Event-related potentials (ERP) are stereotyped electrophysiological responses to a volitional activity or an external stimulus. ERPs are derived by averaging the spontaneous electroencephalogram (EEG) across several occurrences of the same event, for example, repeated presentations of the same stimulus. Assuming that the onset of the event is known, the ERP is a time series containing the ensuing brain reaction, termed an epoch. ERP can be used to distinguish between the brain states of the subject in response to the different stimuli within the particular examination context. This makes ERP analysis an ideal, long-standing tool in brain–computer interface (BCI) [2], ranging from predicting the laterality of imminent left- versus right-hand finger movements [1] to distinguishing between musical segments [22].

Classification of ERP data is challenging due to the high dimensionality and noise contamination of the raw data. Here, we study the classification accuracy of the original data and four feature-extraction methods used as a preprocessing step, and argue that ERP data benefits from interval feature extraction.

ERP are associated to different electrodes. For each electrode, a different classification problem is considered. The ERP time series is regarded as a collection of measurements, $x_1,\ldots , x_T,$ each measurement is considered to be a feature. Thus, each ERP series becomes a point in a $T$-dimensional space, $\mathbf x \in \mathfrak R ^T.$ A training dataset is a collection of points $\mathbf x _1,\ldots \mathbf x _N$ and the corresponding labels $y_1\dots y_N.$

Section 2 explains the feature-extraction methods, Sect. 3 lists the four classifiers, and Sect. 4 details the data, the experimental protocol and the results.

2 Feature-extraction methods

2.1 The original (raw) data

A classification method is applied directly to the given training dataset: $N$ data points $\mathbf x _1,\ldots \mathbf x _N$ with $\mathbf x _i\in \mathfrak R ^T$ and labels $y_1\dots y_N.$

To illustrate the difficulty in classifying ERP data, Fig. 1 shows 44 individual ERPs coming from an experiment where 22 participants viewed two categories of objects (classes or conditions): faces and cars. The grand-average ERPs for the two classes are plotted with thick lines. There is no clear pattern to guide the classifications.

2.2 PCA

Principal component analysis (PCA), independent component analysis (ICA) and auto-regression models (AR) are widely used feature-extraction methods in EEG/ERP data analysis [4, 7, 15, 16, 25].

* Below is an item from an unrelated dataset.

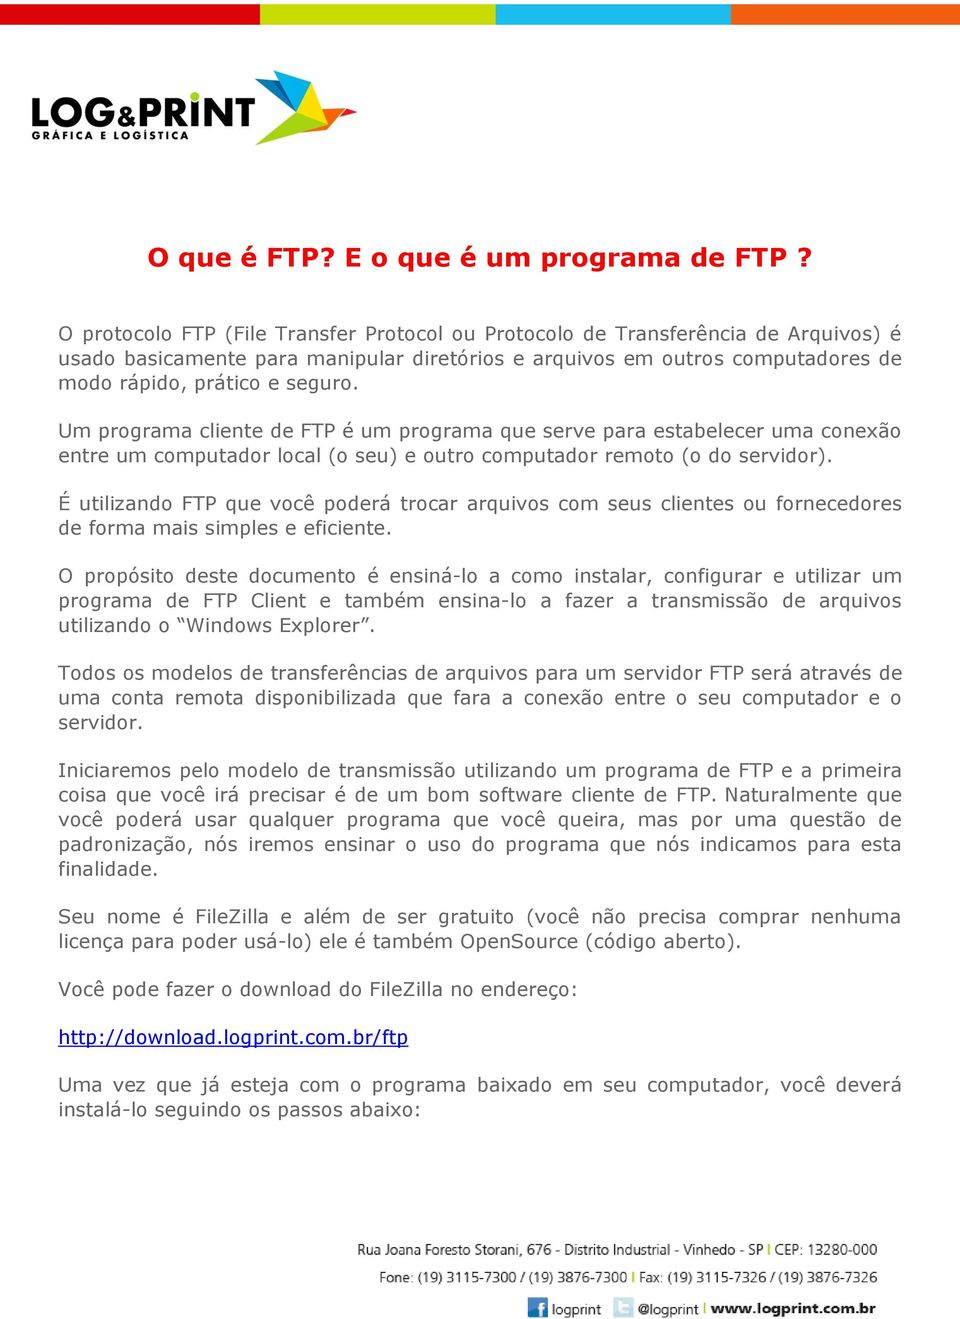 Um programa cliente de FTP é um programa que serve para estabelecer uma conexão entre um computador local (o seu) e outro computador remoto (o do servidor).
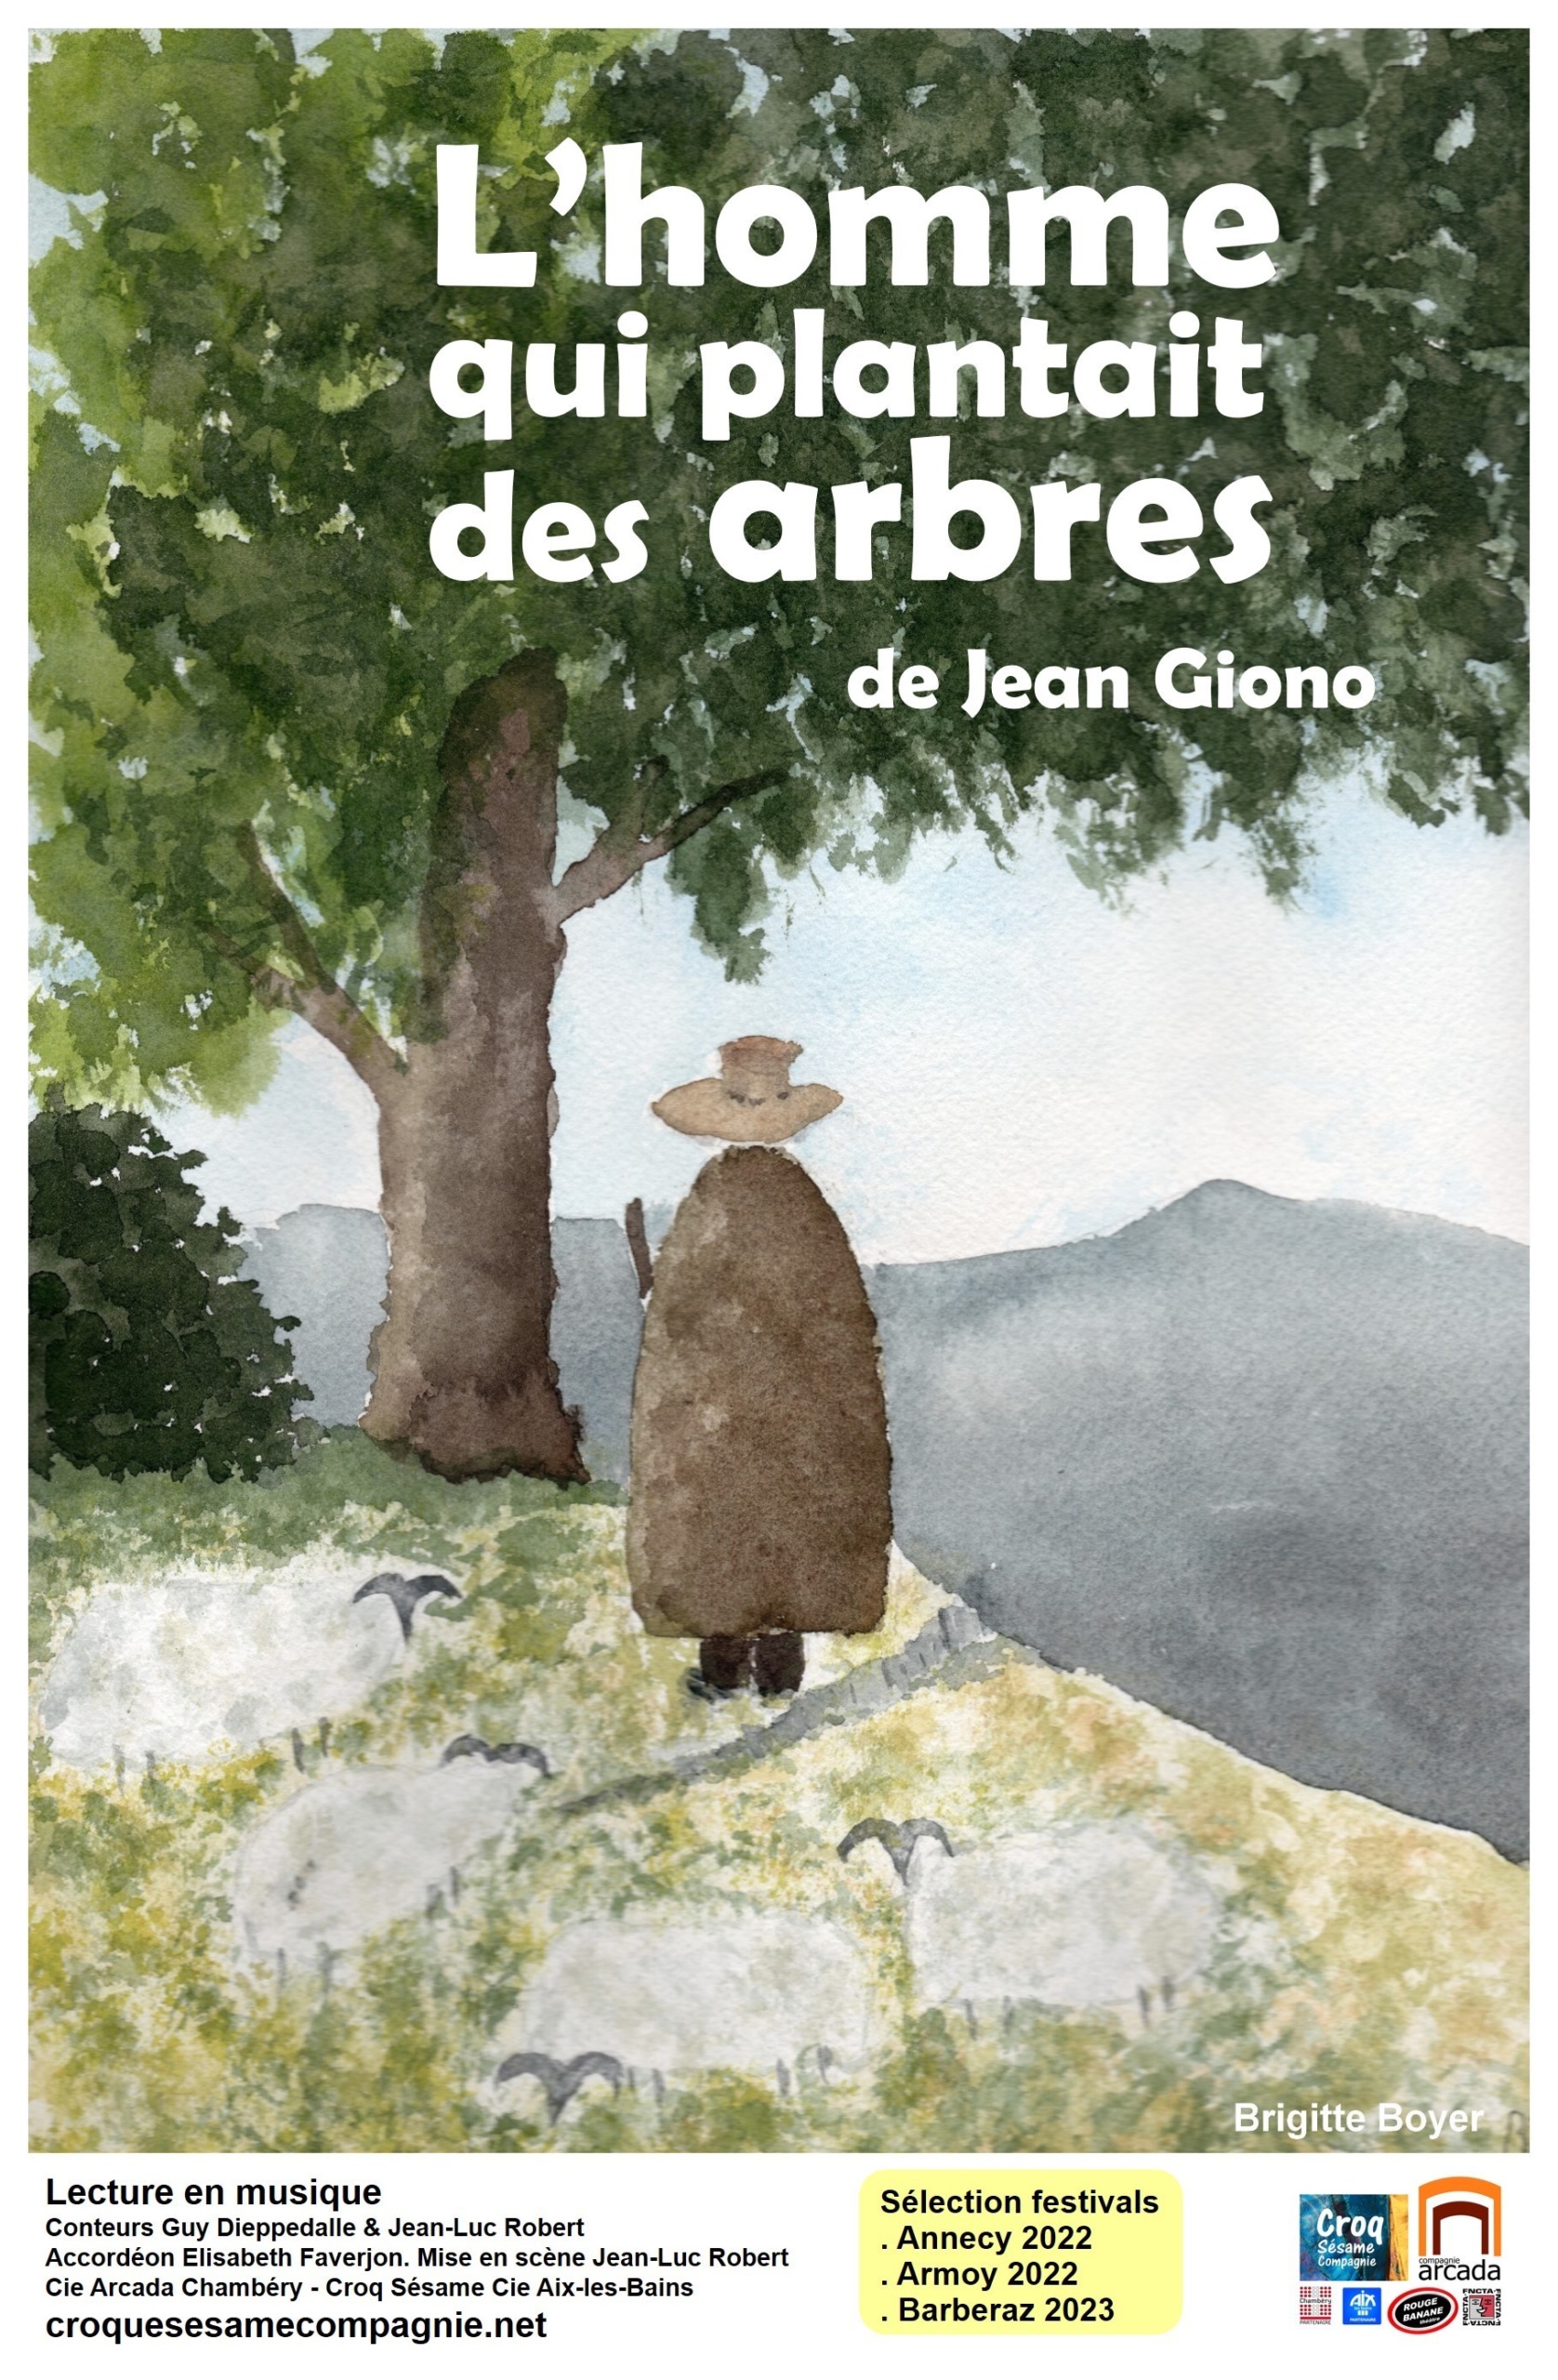 L'homme qui plantait des arbres. De Jean Giono – FNCTA – Auvergne

PCA calculates a transformation matrix $W$ such that the original features are replaced with extracted features, obtained as $\mathbf a = W\mathbf x $. This effectively rotates the space so that the fist component of $\mathbf a $ is orientated along the dimension with the largest variance in the data, the second component is orthogonal to the first one, and is orientated along the largest remaining variance, and so on. The number of retained components is determined so that a chosen percentage of the variance of the data is preserved after the transformation (we used 95 % in the experiments).

2.3 ICA

Independent component analysis also looks for a linear transformation of the original space in the form $\mathbf a = W\mathbf x $ but the derivation of $W$ is governed by a different criterion: the components of $\mathbf a $ should be as independent as possible. Traditionally, ICA has been applied for the task of “blind source separation”, where a signal is decomposed into a weighted sum of independent source signals [4, 10], but there is no reason why we should stop here. Any feature set can be processed so as to derive a new smaller set of independent features. We used the FastICA algorithm due to Hyvärinen [9].^{Footnote 1}

2.4 Auto-regression (AR)

Auto-regressive (AR) models regard the ERP as a dynamic system of order $K$ where the $i$th value of the signal is predicted by the previous $K$ values $\hat{x}_i = a_1\,x_{i-K+1}+a_2\,x_{i-K+2}+\cdots +a_K\,x_{i-1}.$ The coefficients $a_j$ are fitted to minimise the discrepancy between the prediction $\hat{x}_i$ and the true value $x_i,$ and treated as the extracted features. Models of order up to $K=50$ have been considered [16].^{Footnote 2}

2.5 Wavelets

A family of wavelets are scaled and shifted, so that the ERP signal is approximated in the best possible way. Wavelets capture both finer and coarser resolution features of the signal. The features which represent the ERP signal are the coefficients of the wavelets. Wavelet feature extraction has been widely applied to EEG analysis, opening up the perspectives of obtaining highly informative spatial-spectral-temporal descriptions [12]. The wavelet method has found its use in ERP analysis and classification also [14, 17, 18, 21, 28].

2.6 Interval features

Features derived from the signal over time segments of various lengths, called “interval features”, have been shown to lead to high classification accuracy [19, 20].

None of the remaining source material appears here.